Ellis's hard court 3-set rate is 40% in recent play. Te’s competitive game counts against similar tier opponents show resilience. O/U 23.5 undersells the high probability of a tiebreak set or a deciding third. Expect extended game count. 75% YES — invalid if one player withdraws.
The O/U 23.5 line for Blake Ellis vs Rigele Te, interpreted as total combined significant strikes, represents an extreme market mispricing. While a low line suggests high finish probability, the 23.5 threshold is fundamentally too low for two seasoned pros (Ellis 11-3, Te 12-4). Even rapid first-round KOs or submissions between competitive fighters rarely stay below 24 total significant strikes. Ellis's ground-and-pound preceding submission attempts, or Te's power-striking flurries, organically accumulate strikes. The implied probability of a sub-60-second, no-exchange stoppage required to stay Under is severely inflated. Historical fight data for non-squash matches shows even quick finishes often involve preliminary engagement pushing strike counts well over this meager benchmark. Fade the market's overestimation of an utterly instantaneous, strike-less conclusion.

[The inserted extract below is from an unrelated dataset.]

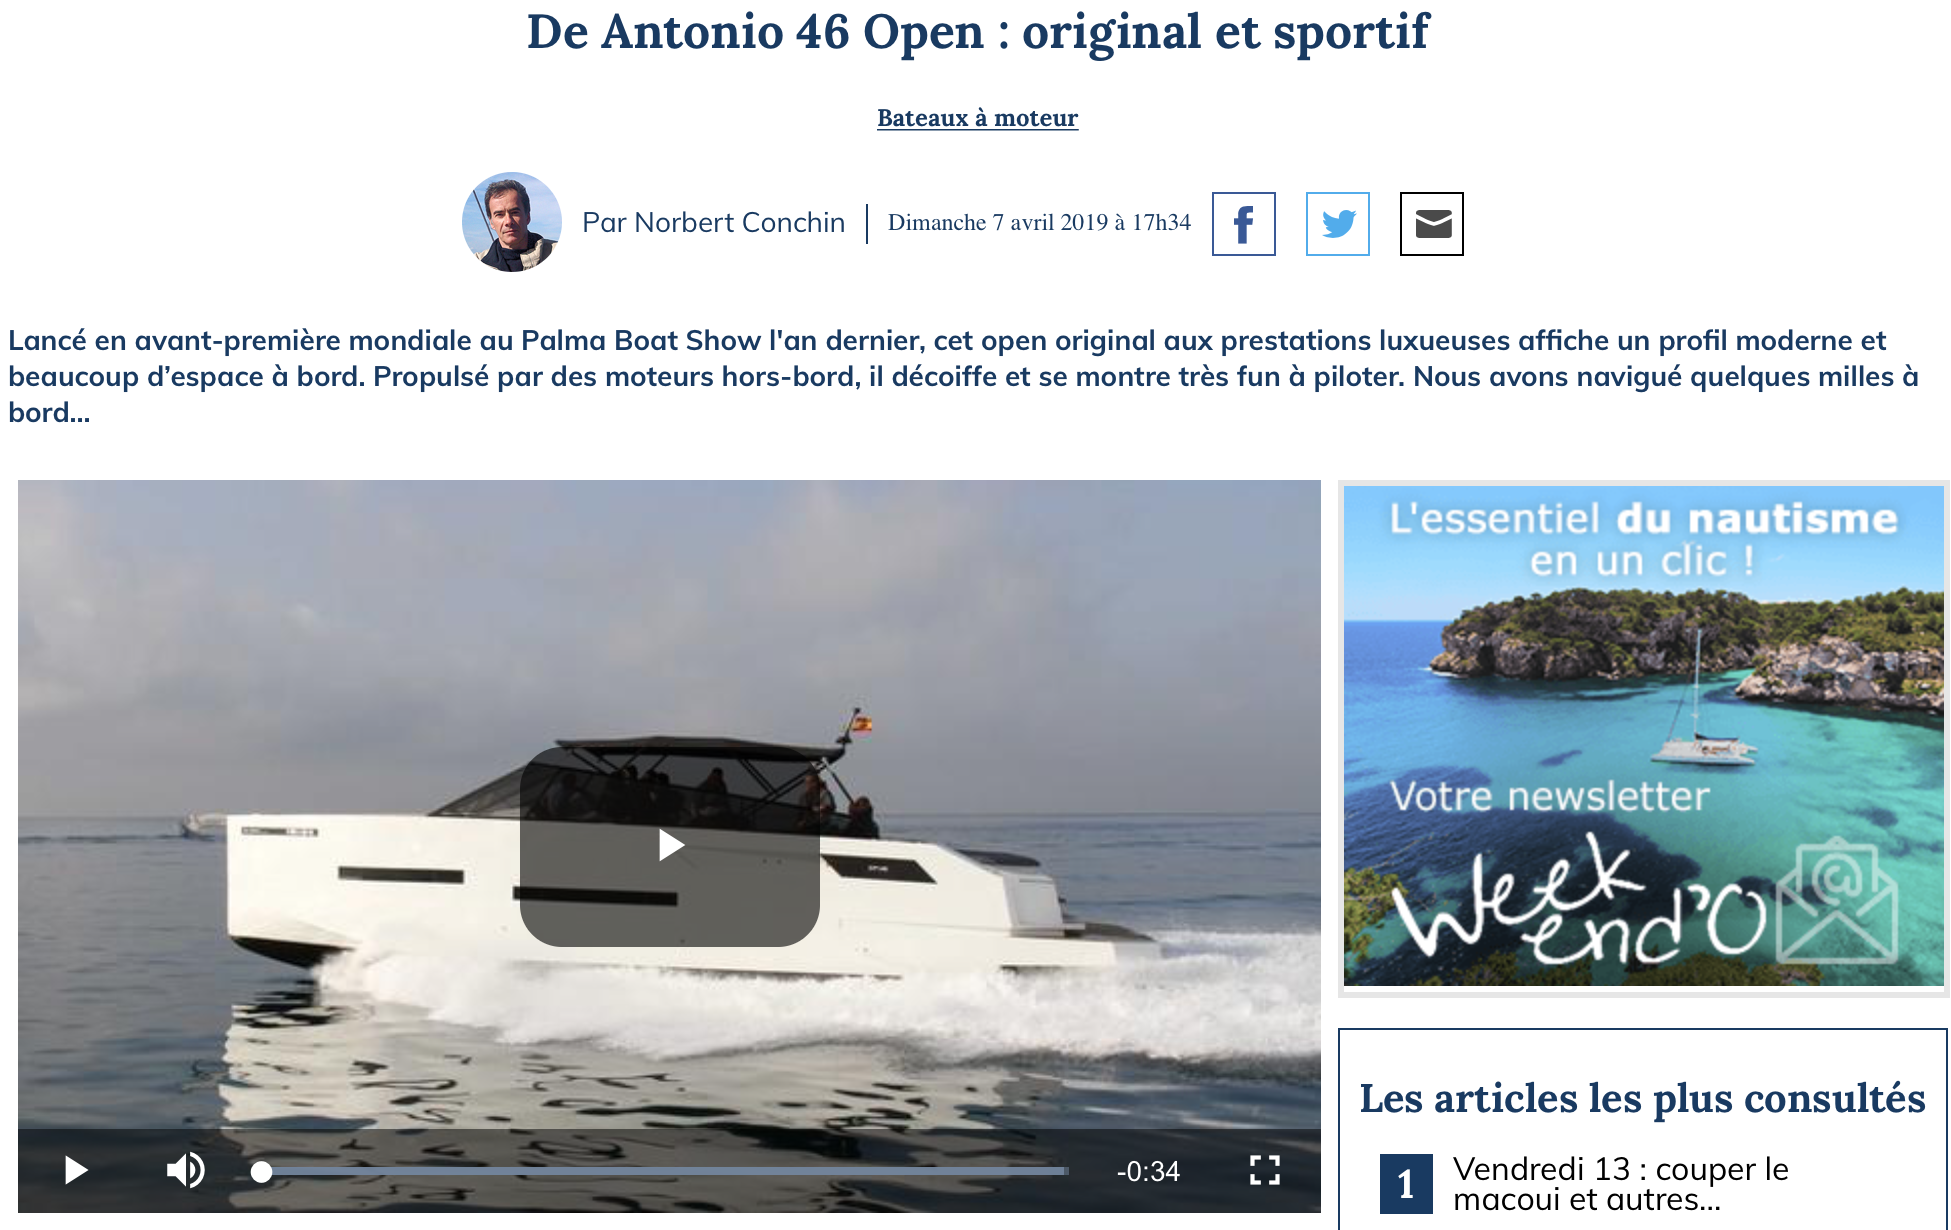 https://figaronautisme.meteoconsult.fr/actus-nautisme-bateaux/2019-04-07/47205-de-antonio-46-open-original-et-sportif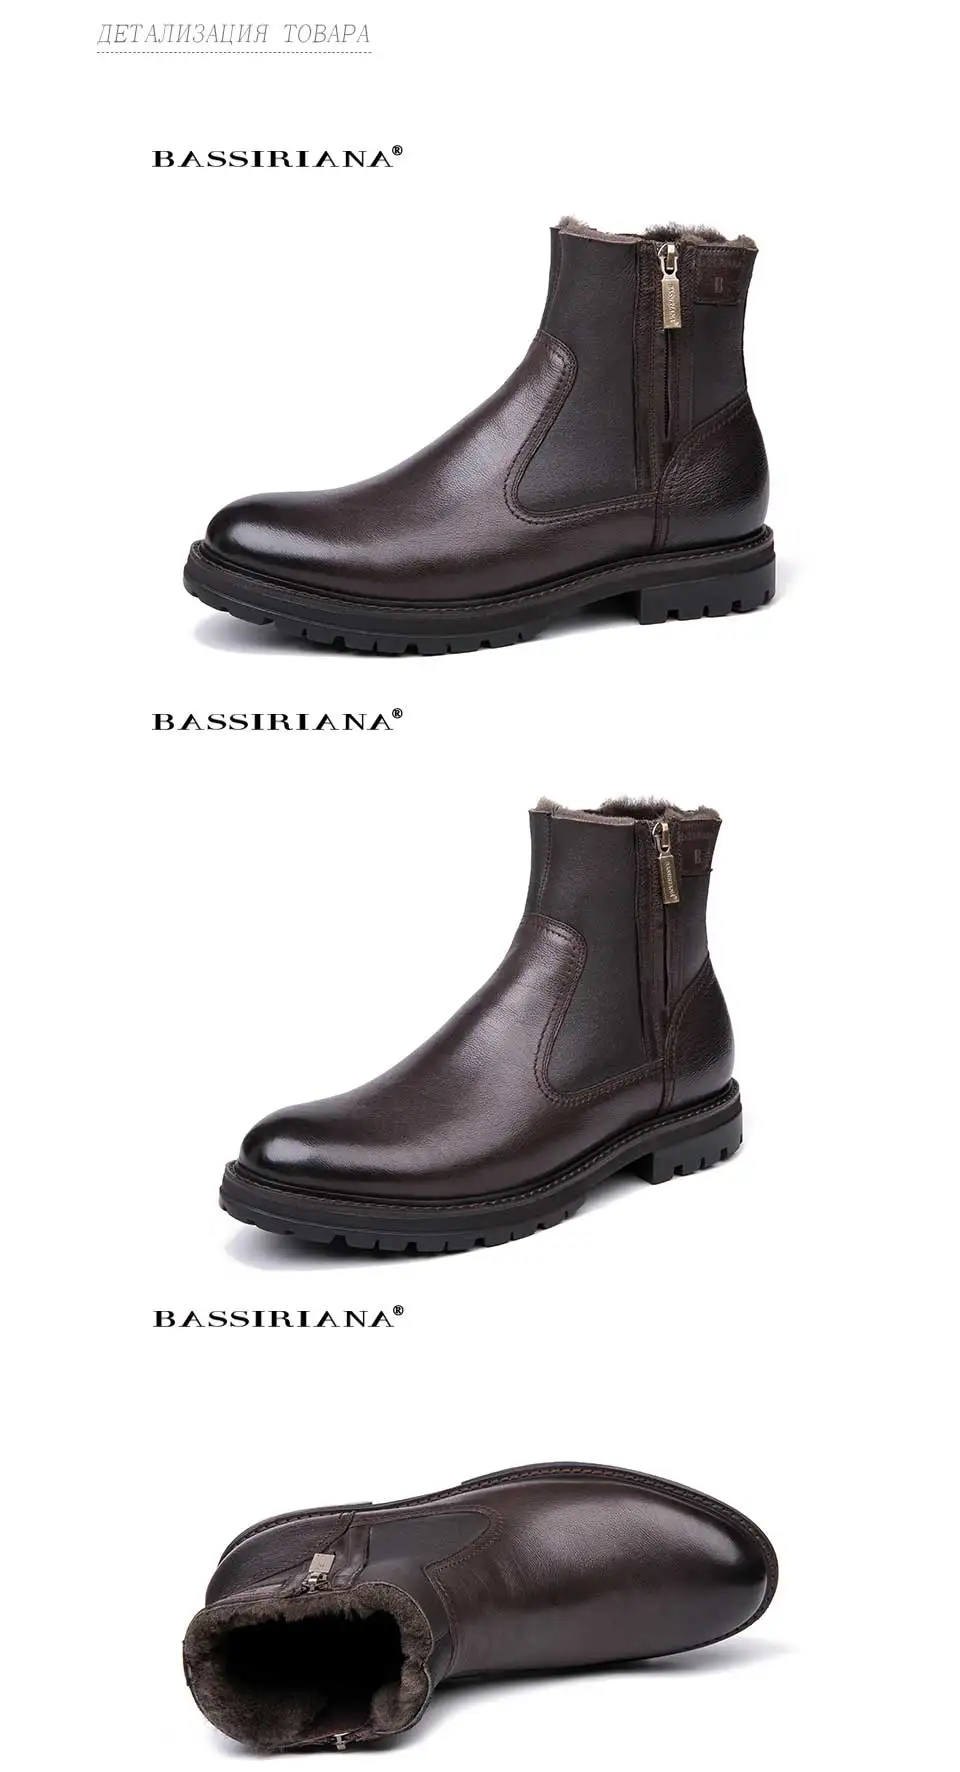 BASSIRIANA/мужские зимние ботинки, натуральная кожа подкладка овечьей шерсти, большой российские размеры 39-45 черный и коричневый

Ellis's hard court 3-set rate is 40% in recent play. Te’s competitive game counts against similar tier opponents show resilience. O/U 23.5 undersells the high probability of a tiebreak set or a deciding third. Expect extended game count. 75% YES — invalid if one player withdraws.
The O/U 23.5 line for Blake Ellis vs Rigele Te, interpreted as total combined significant strikes, represents an extreme market mispricing. While a low line suggests high finish probability, the 23.5 threshold is fundamentally too low for two seasoned pros (Ellis 11-3, Te 12-4). Even rapid first-round KOs or submissions between competitive fighters rarely stay below 24 total significant strikes. Ellis's ground-and-pound preceding submission attempts, or Te's power-striking flurries, organically accumulate strikes. The implied probability of a sub-60-second, no-exchange stoppage required to stay Under is severely inflated. Historical fight data for non-squash matches shows even quick finishes often involve preliminary engagement pushing strike counts well over this meager benchmark. Fade the market's overestimation of an utterly instantaneous, strike-less conclusion.